Photo / Takashi Seida
Photo / Takashi Seida

“Shooting the movie along with the police coming after me, along with the Government coming down on me, along with my lovers, along with my feelings shifting and changing toward people in and out . . . it all converged. I just thought, ‘damn I just want to alleviate this s*** a little bit.’”

If it sounds like a schizophrenic existence, well, you’re not wrong.

“It was to be honest,” she says quietly. “And the predominant character was Billie because I kept losing. And losing myself.”

“F***!” she exclaims suddenly, as if asserting herself. Then she laughs it off saying, “that sounds weird”.It’s clear that portraying the brilliant, troubled, passionate, supremely talented, traumatised singer has changed Andra’s life in ways far more profound than career opportunities and award ceremonies.

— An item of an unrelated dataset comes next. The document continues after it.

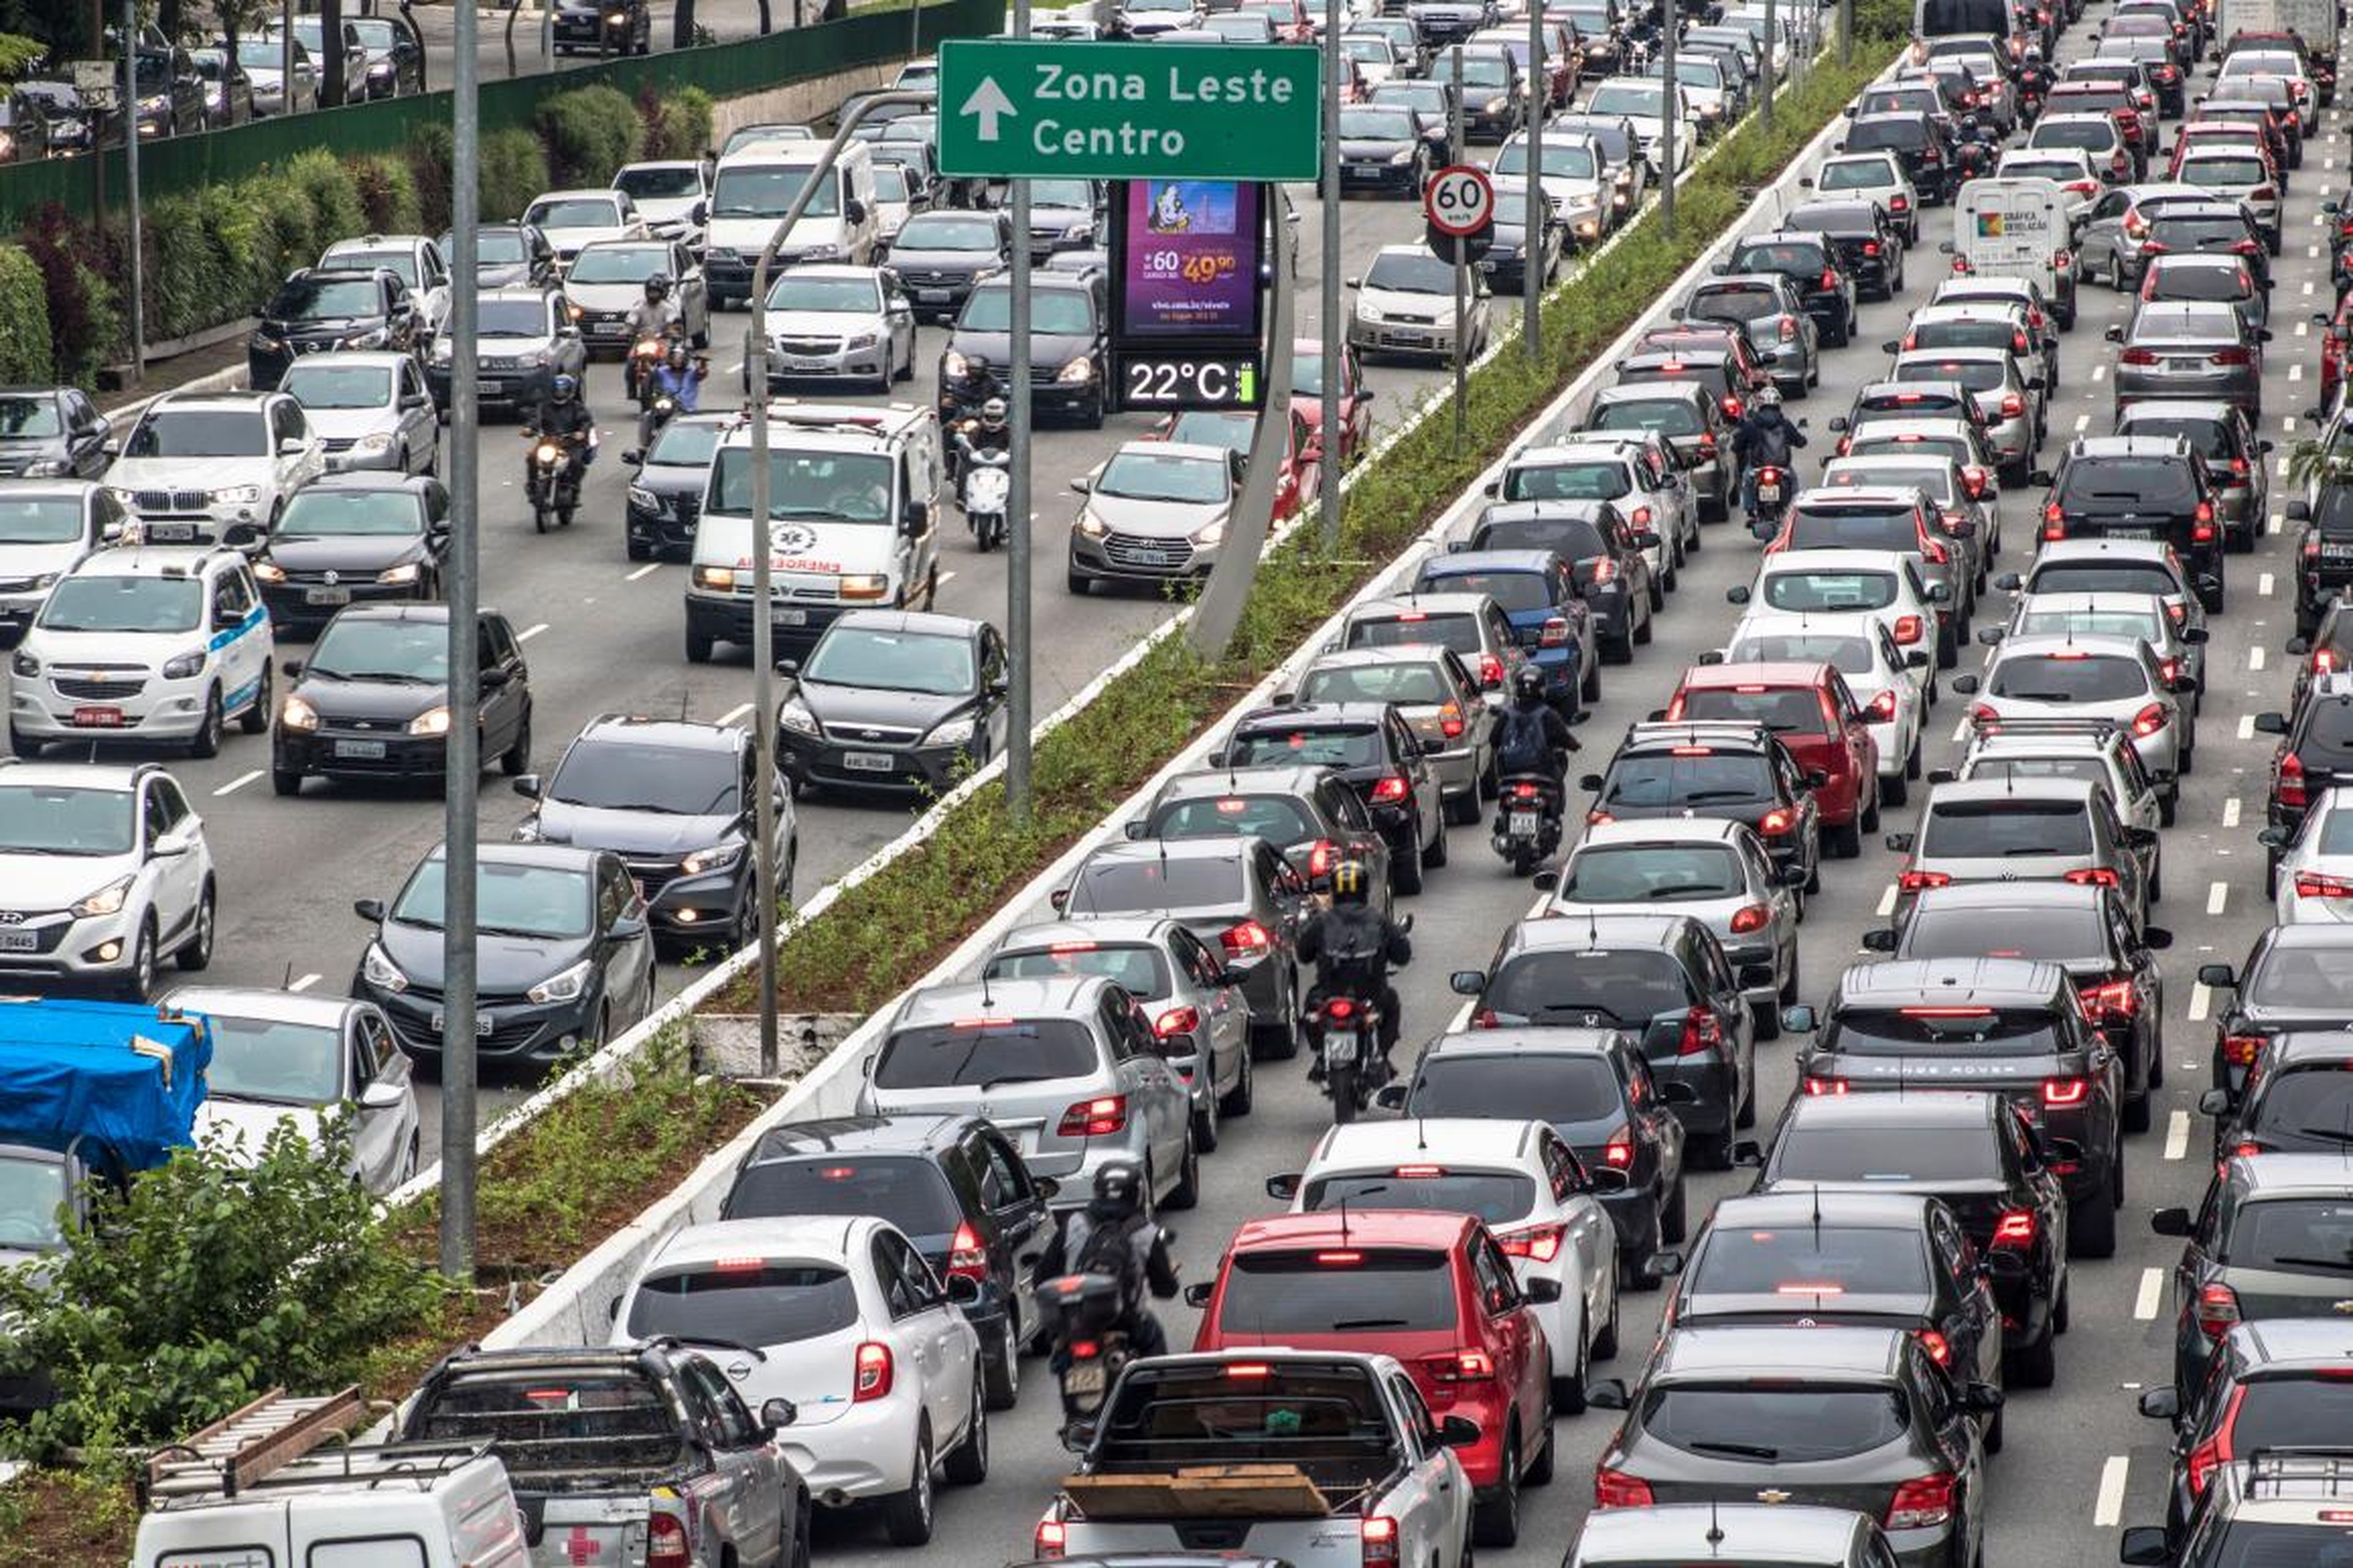 In fact, drivers spend an average of 22% of their time in congestion.

“People kept telling me, ‘okay, now you go back to you,’ and that would scare me because I didn’t know who I was,” she says. “I’m still working it out. I still don’t really know who I am but I have a peace about it, like, ‘okay I’m supposed to be different.’ I didn’t expect to be permanently transformed but I could feel it transforming me while I was in it. But I didn’t realise I was going to be permanently altered.”

Then, smiling she says, “I don’t have a road back to the old me. Only a ladder, I guess, to the new one.”